Plaintiffs in an excessive-fee case against The Hartford received some discouraging news last week when a judge ruled entirely in favor of the adviser at trial, the latest result in a wave of similar lawsuits.
The court’s ruling follows a string of other rulings favorable to advisers over the past year. During the same period, cases involving Russell Investment, SEI Investments Management Corp., Harris Associates and Prudential Investments have been resolved by undisclosed agreements. Notably, the stipulation of dismissal in the Prudential case stated that the plaintiffs had reviewed the board materials and “concluded that it is appropriate to dismiss the action.”
While it may be too early to conclude that these cases reflect the end of the current wave of Section 36(b) litigation, plaintiffs’ counsel in the remaining cases are likely to adjust their strategies in 2017 to avoid similar fates. This could lead to even more scrutiny of the board’s process for approving advisory fees, and possibly heightened focus on the board’s communications with counsel.
Recent rulings may foreshadow the outcome of the remaining cases, which similarly focus on subadvisory fees.
In the case involving The Hartford, the court found that the plaintiffs had failed to “demonstrate that the fee is so disproportionate that it could not be one that was negotiated at arms’ length.” Previously, the court had determined before trial that the board had properly considered and approved the advisory fees at issue, and discounted the plaintiffs’ criticism of the board’s process as “quibbles.”
In 2016, AXA likewise emerged victorious after a trial, during which investors failed to convince the judge that the firm received an excessive fee. Among other findings, the court determined that the board was “diverse and independent” and had “robustly reviewed” the adviser’s compensation.
In addition, in November 2016, a Massachusetts federal court granted partial summary judgment in favor of Russell Investment Co., stating that defendants were “right as to the degree of deference. . . to be given to the board, as a matter of law.” The case was subsequently dismissed by agreement.
Preparing for More Scrutiny
These rulings are a reminder that a strong, defensible board process will likely confer a significant advantage to defendants in excessive-fee litigation. As a result, plaintiffs will likely redouble their efforts in 2017 to discredit boards’ independence or process.
Plaintiffs will continue to hone in on information that was allegedly kept from the board during the fee-approval process. They may highlight circumstances that supposedly discredit the directors’ diligence in obtaining and reviewing materials, independence from the adviser or access to third-party experts and advisers. Plaintiffs may also focus on changes made to the board’s process or materials after a lawsuit was filed, even though the court in the AXA case found such improvements to be indicative of a strong board process, not a flaw.

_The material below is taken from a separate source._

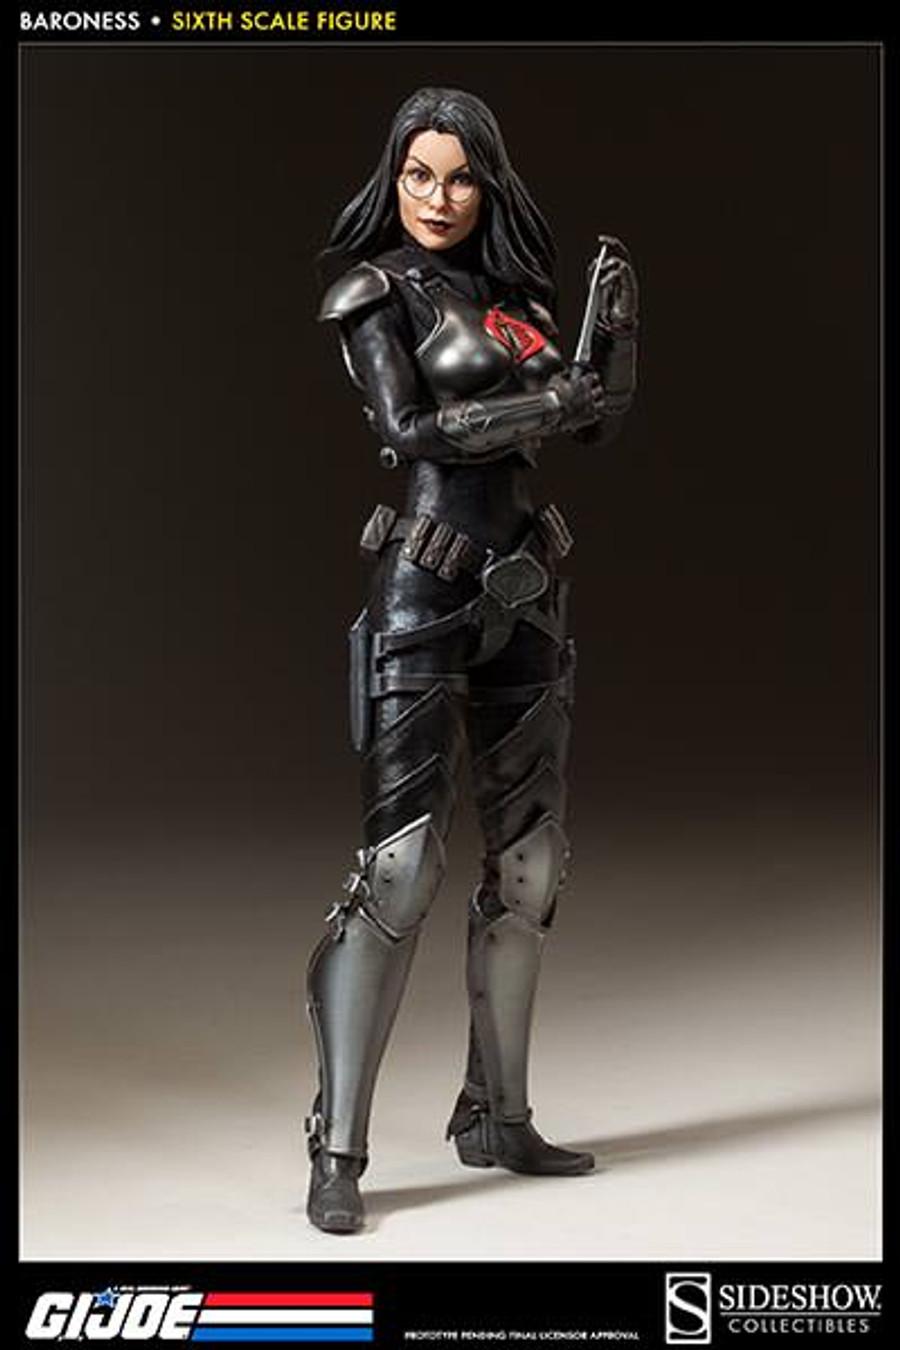 Sideshow - GI Joe - Baroness

Diligent directors should continue to focus on board process and documentation to combat future litigation. This includes actively engaging with advisers about the content and format of the materials they provide to the board. Where appropriate, they should proactively ask advisers to improve the way materials are organized and transmitted, and should request all information necessary to appropriately analyze the basis for the adviser’s fee. Directors might ask for summaries of the key data points to guide their review of voluminous materials. If it would be helpful, directors might also ask for additional contextual information, such as year-over-year analyses or peer-group comparisons.
This kind of dialogue is part of a robust board process, and should be documented. Any improvements to the materials should also be documented. This documentation is likely to be helpful in Section 36(b) litigation — where the board’s process will be closely scrutinized by plaintiffs — because it demonstrates active, independent engagement by an informed board. While some plaintiffs have tried to demonstrate a flaw in the board materials by pointing to subsequent improvements, those efforts have been generally unsuccessful.
Caution With Emails
Plaintiffs may also scrutinize the communications between the board and independent counsel. In November, a court ruled that PIMCO’s independent directors must hand over certain emails exchanged with their counsel, even though traditional privilege rules typically protect attorney-client communications from disclosure.
Plaintiffs in other pending cases may seek to capitalize on this ruling. Directors should continue to communicate with their independent counsel as needed and appropriate. They should also, however, carefully consider whether particular topics are appropriate for a written communication, avoid inflammatory language and otherwise bear in mind that their emails may be subject to outside scrutiny. Directors should exercise equal diligence in written communications with each other. Emails between directors are generally not subject to attorney-client privilege, and are likely to be turned over in an excessive-fee litigation.